Robert Kurz'un ardından...

Frankfurt'daki Sol ve Yeşil entelektüellerinin takıldığı Ypsilon kitabevinde keşfedip kitabevinin kahvesinde yutarcasına okuduğum bu Marksist düşünürün, hayatıma daha önce de girdiğini sonradan öğrendim. Üniversite öğrencisiyken, onun grubunu da, çıkardıkları dergiyi de bilirdim. Ama o dönemde adını hiç duymamıştım. KABD Grubunun eski lideriydi. Ses getiren ilk kitabı, "Modernleşmenin Çöküşü" (Kollaps der Modernisierung) 1991'de yayımlandı.
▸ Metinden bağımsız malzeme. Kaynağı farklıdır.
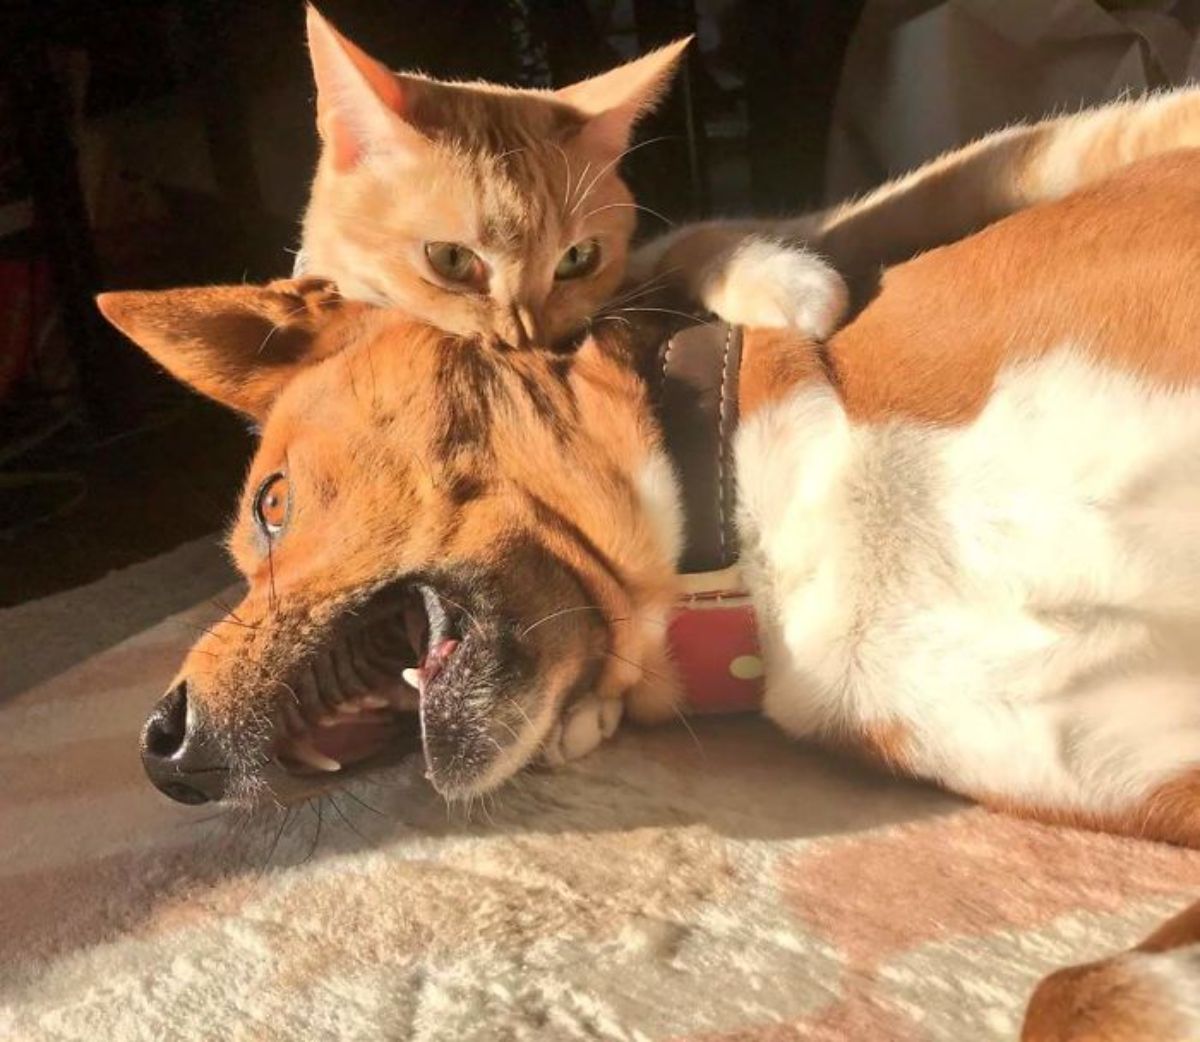 orange cat biting the throat of a brown and white dog that's screaming in pain

Yıl 2003. ABD Irak'ı işgal etmek üzereydi. Onun kitaplarını keşfetmiş, onun gibi birinin yaşadığını ve Solculuğu bırakmayıp devam ettirdiğini, hem de öyle-böyle değil, Marksist düşünceye yeni bir yön verdiğini görünce, onu arayıp Nürnberg'de buldum, yazıştık...
Onunla yaptığım söyleşi, daha sonra Yarın dergisinde yayınlandı.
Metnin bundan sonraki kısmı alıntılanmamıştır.